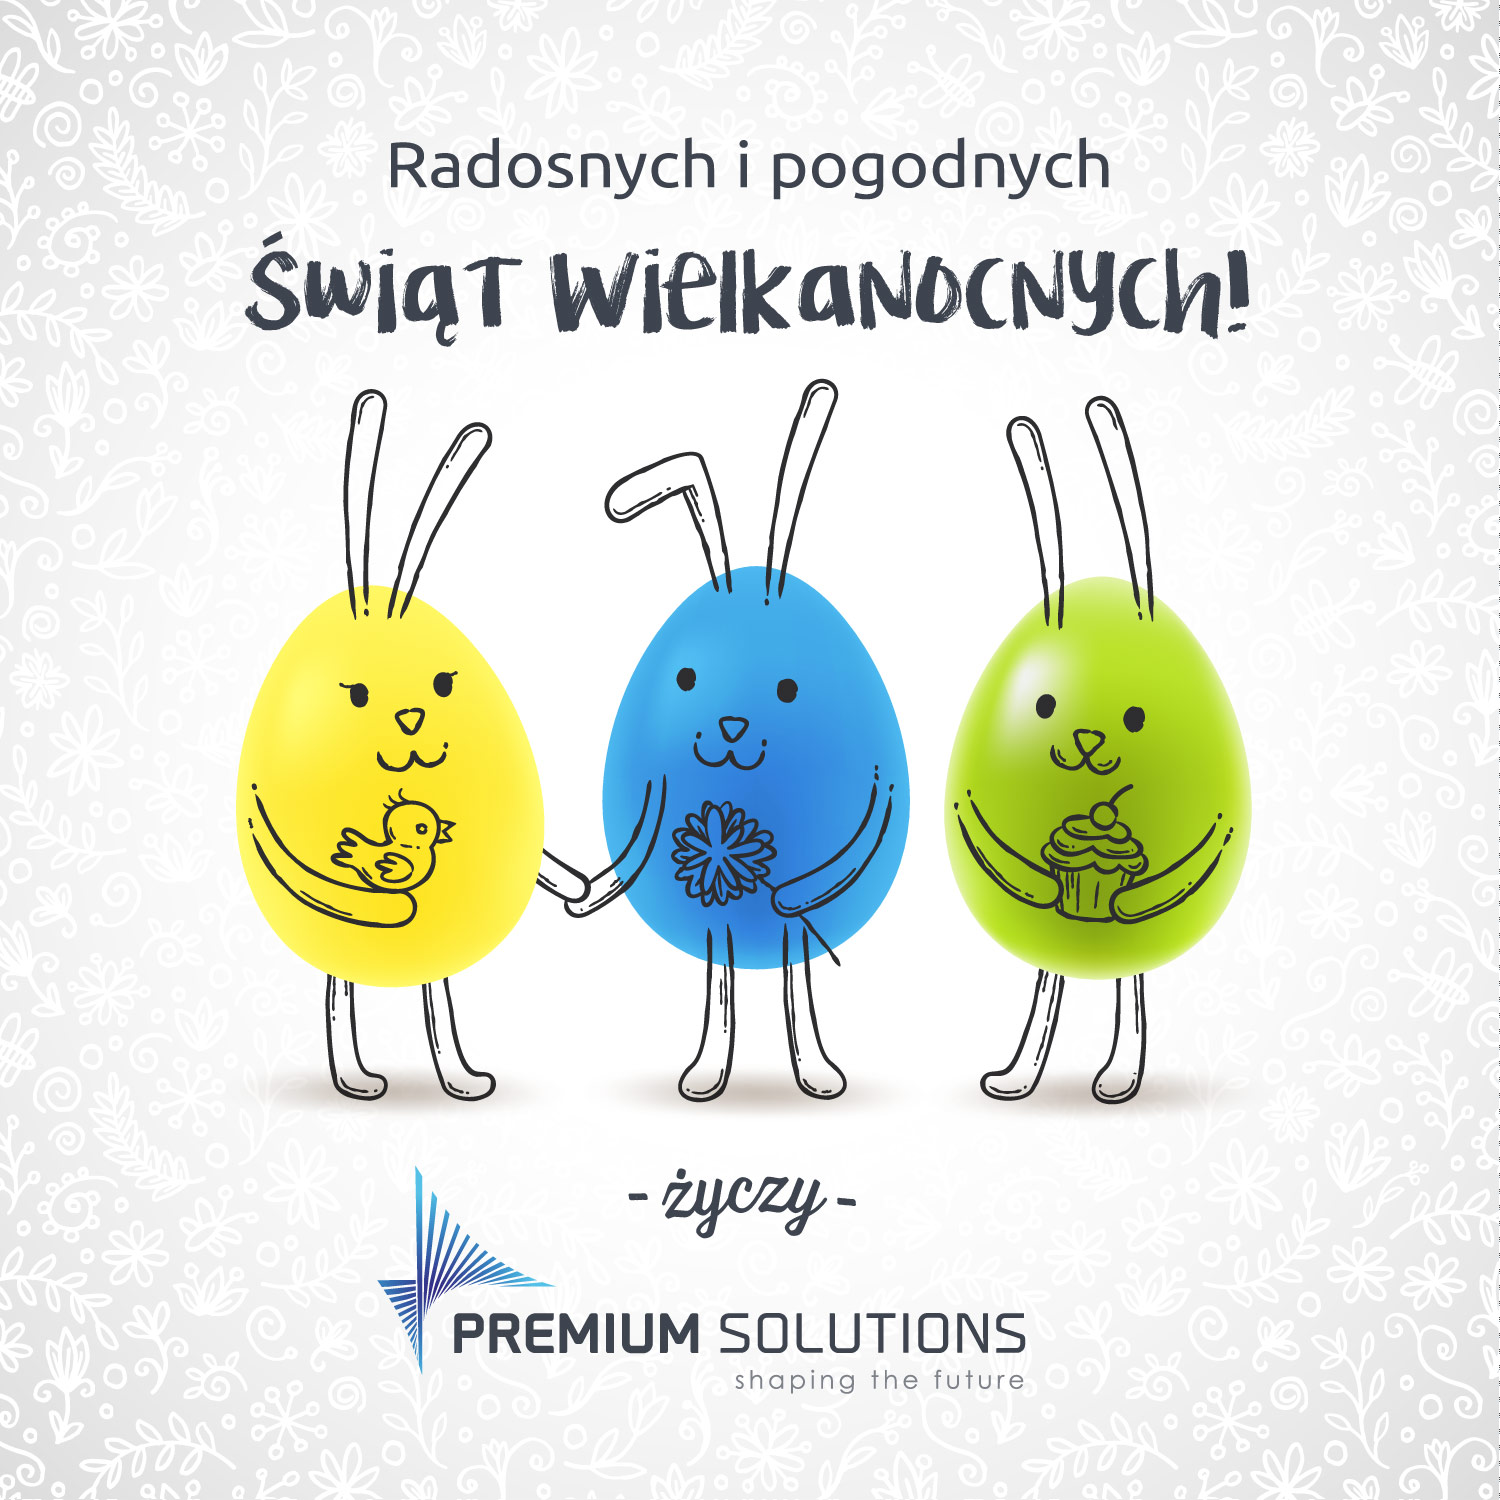 Kartka Świąteczna Premium Solutions Polska
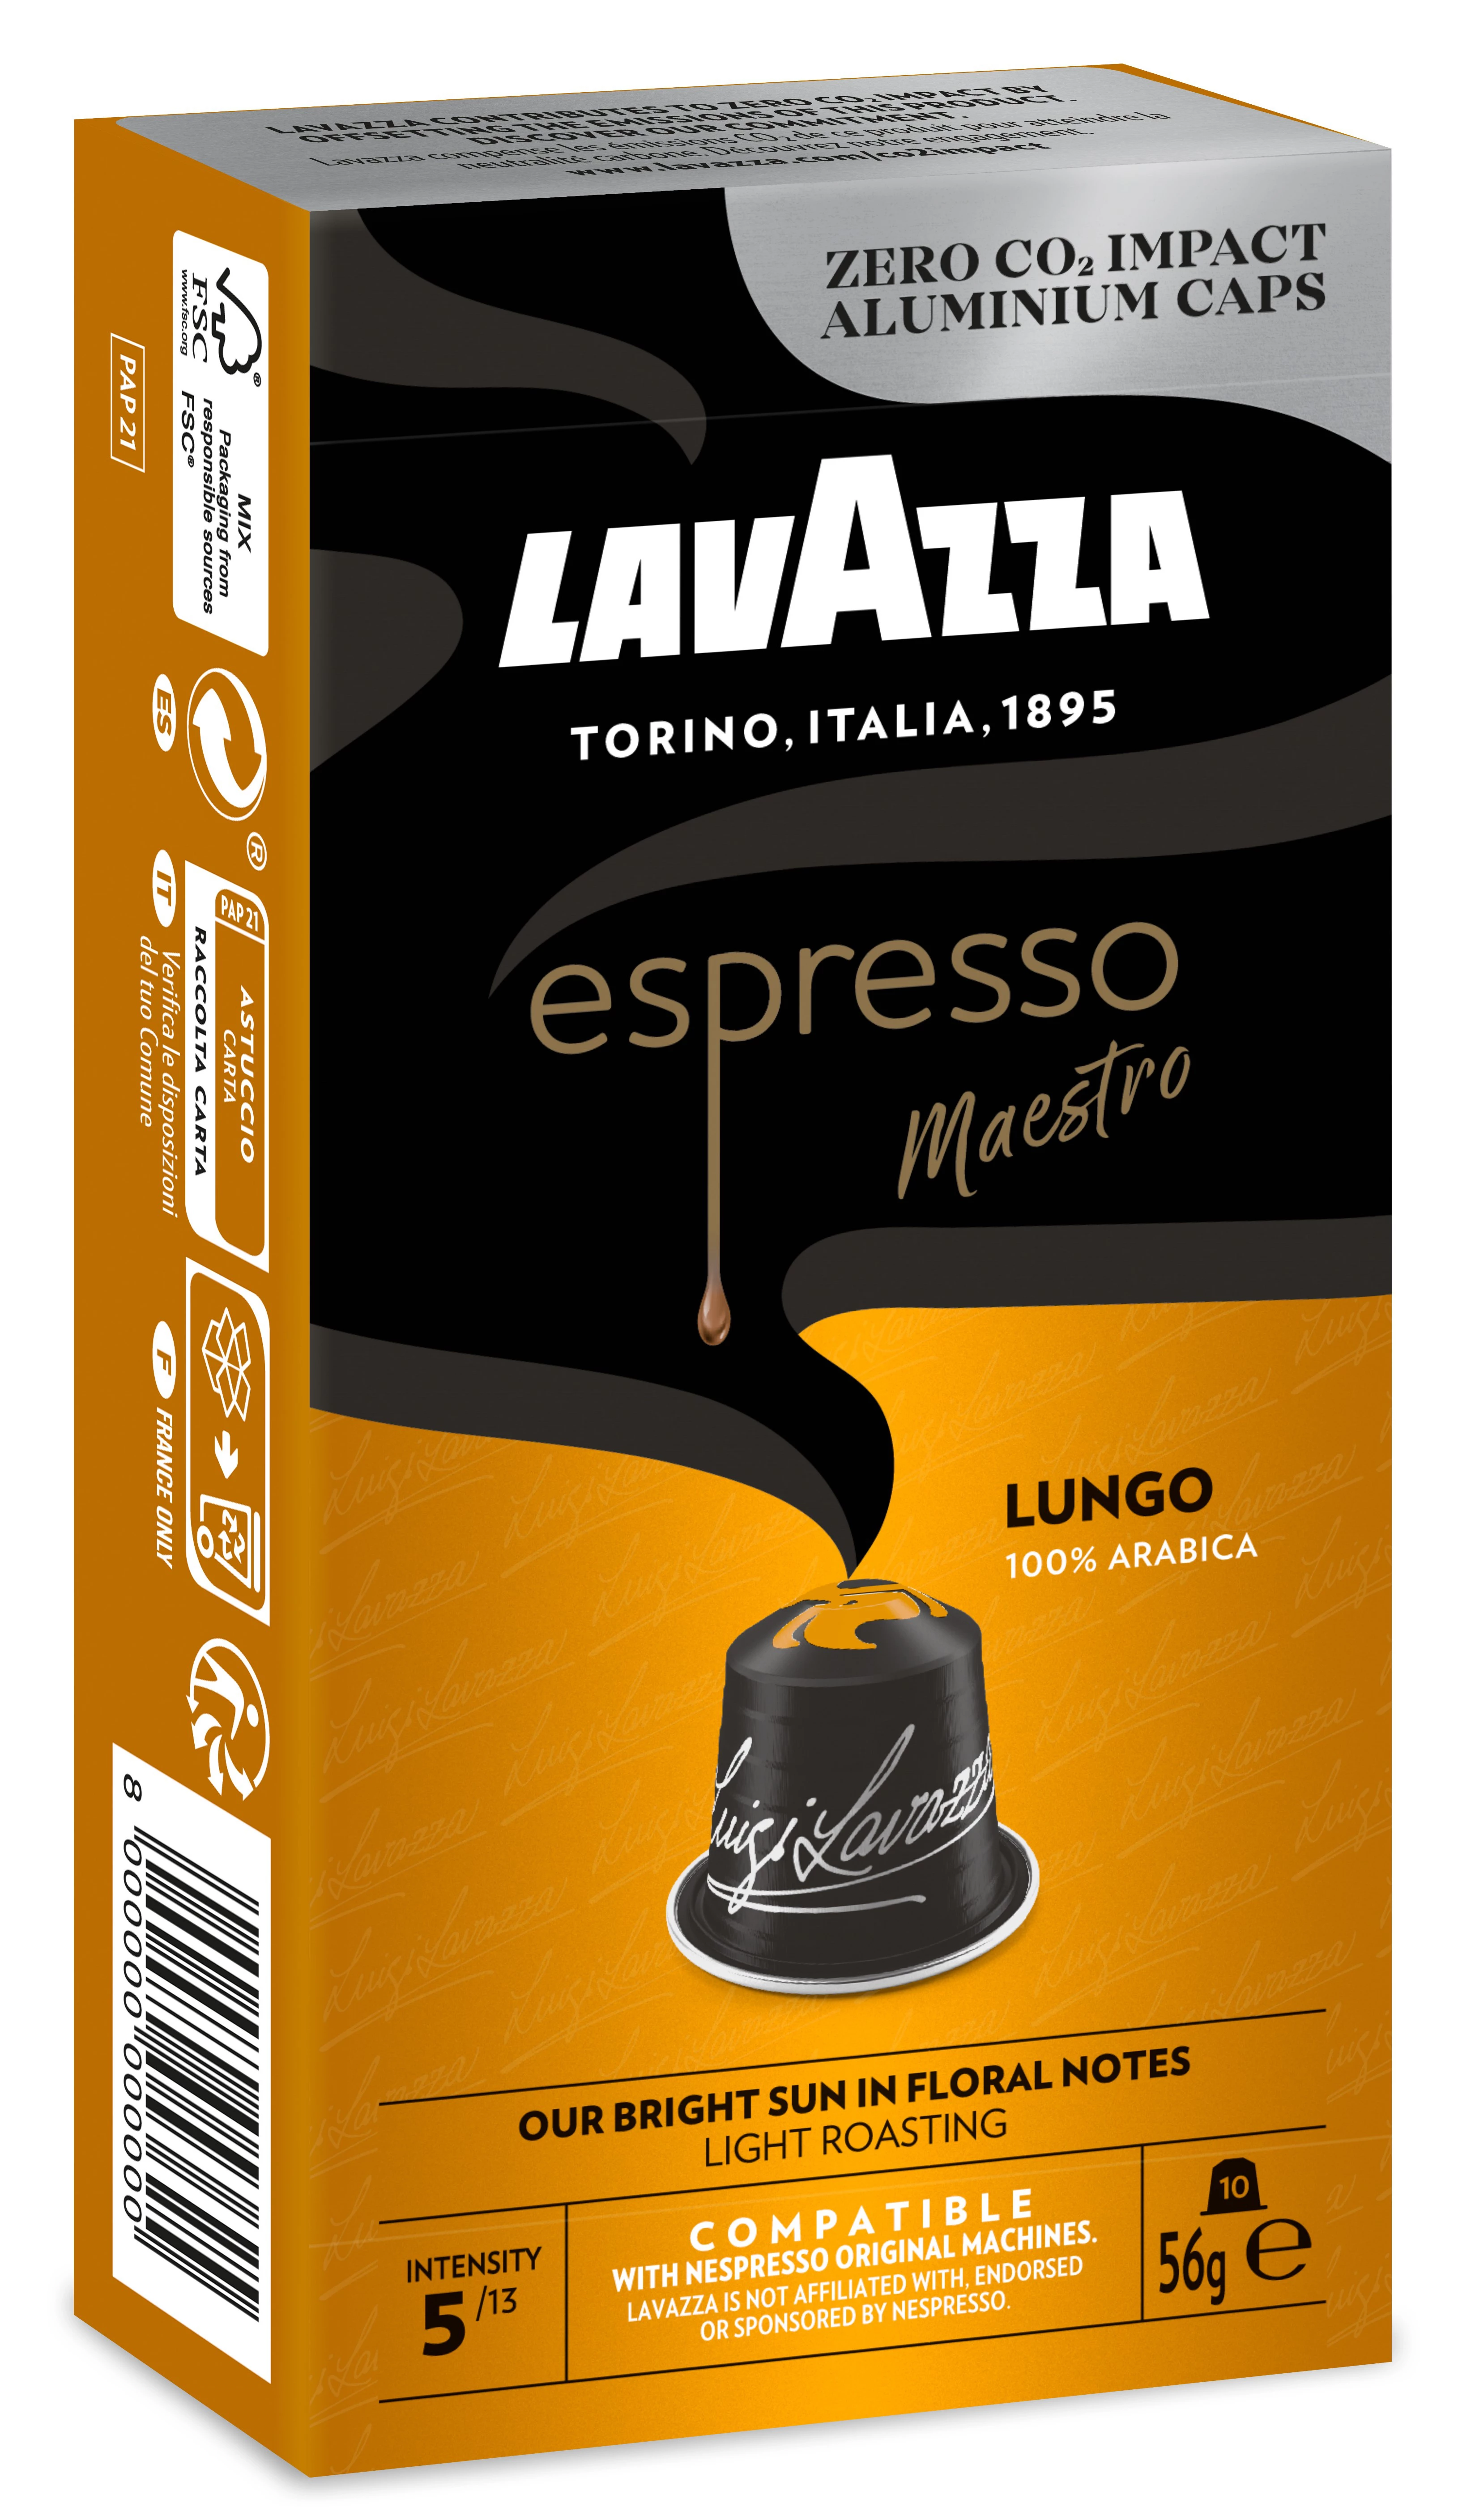 Капсулы Café Espresso Maestro Lungo Совместимые продукты Nespresso; х10; 56г - LAVAZZA
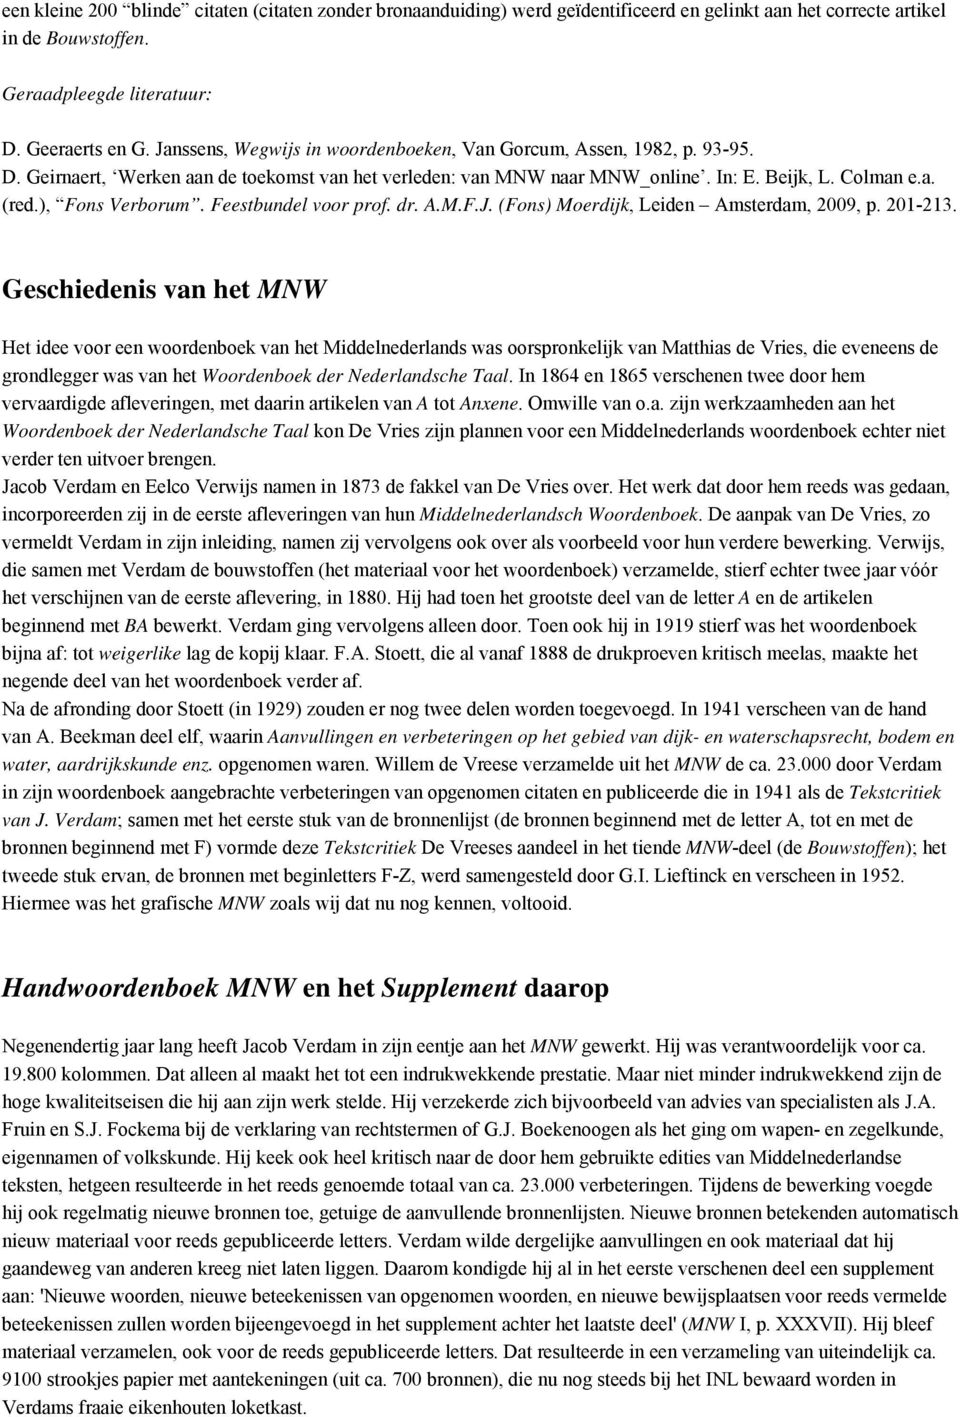 ), Fons Verborum. Feestbundel voor prof. dr. A.M.F.J. (Fons) Moerdijk, Leiden Amsterdam, 2009, p. 201-213.
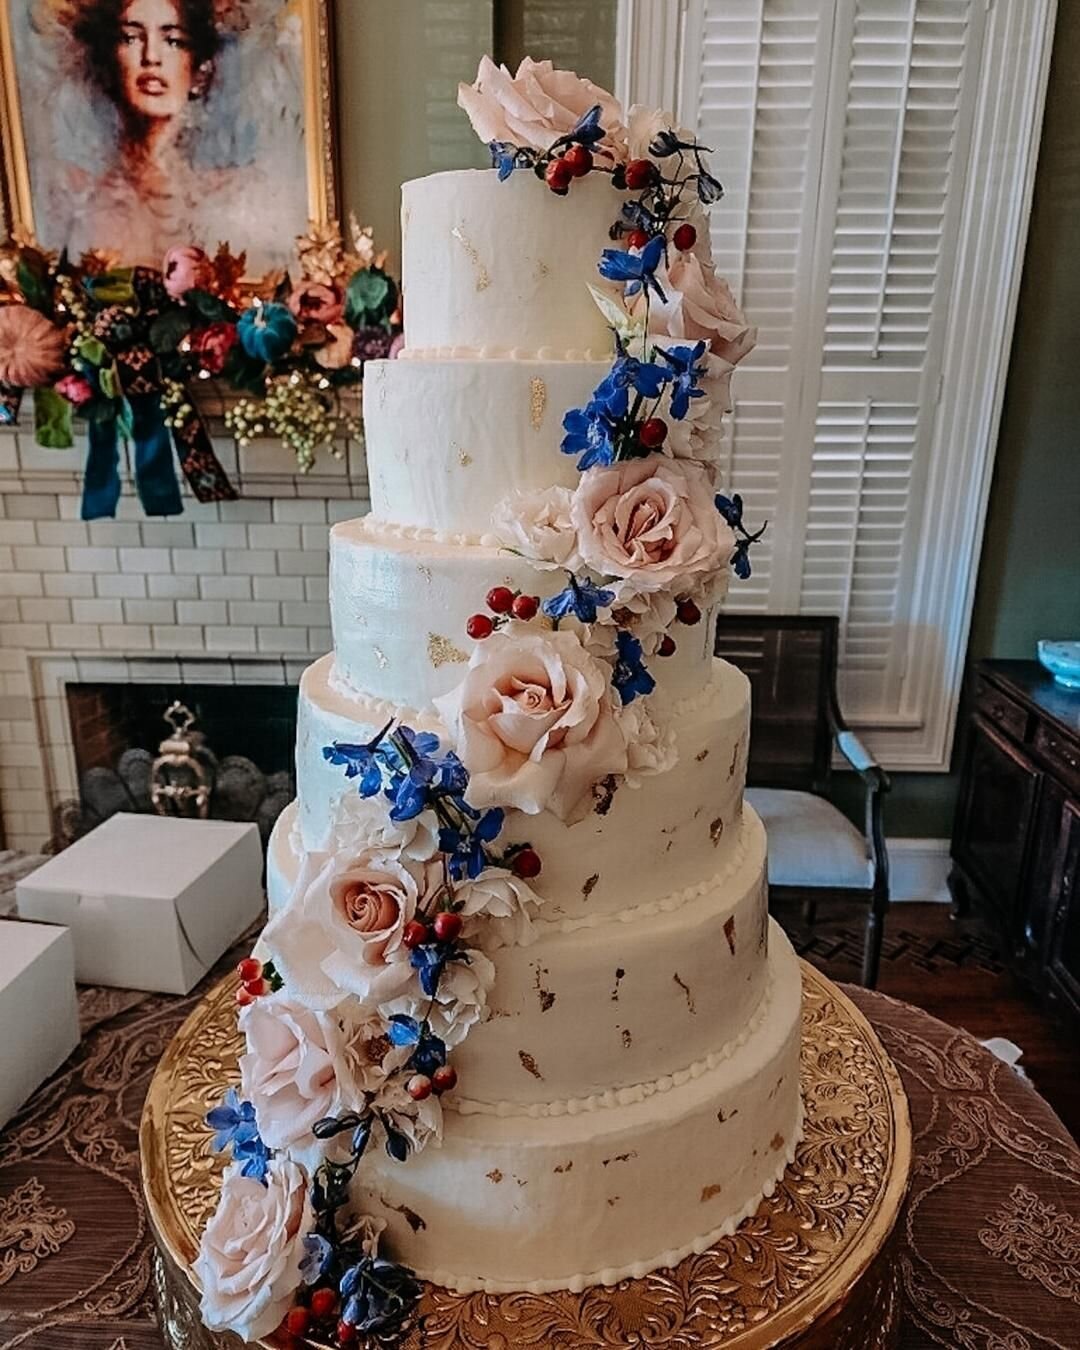 Dreaming of Cake! #cakesbycathyyoung #wedding #weddingcake #cake #cakedesign #cakedesigner #cakesofinstagram #sanantonioweddings #weddingsinsanantonio
◆ ◆ ◆ ◆ ◆ ◆ ◆
**What you are asked to do**
In the copy you write, the data above must appear exactly, with no pictures.

**Output**
 Kartka Świąteczna Premium Solutions Polska
 Капсулы Café Espresso Maestro Lungo Совместимые продукты Nespresso; х10; 56г - LAVAZZA
 ), Fons Verborum. Feestbundel voor prof. dr. A.M.F.J. (Fons) Moerdijk, Leiden Amsterdam, 2009, p. 201-213.
 Dreaming of Cake! #cakesbycathyyoung #wedding #weddingcake #cake #cakedesign #cakedesigner #cakesofinstagram #sanantonioweddings #weddingsinsanantonio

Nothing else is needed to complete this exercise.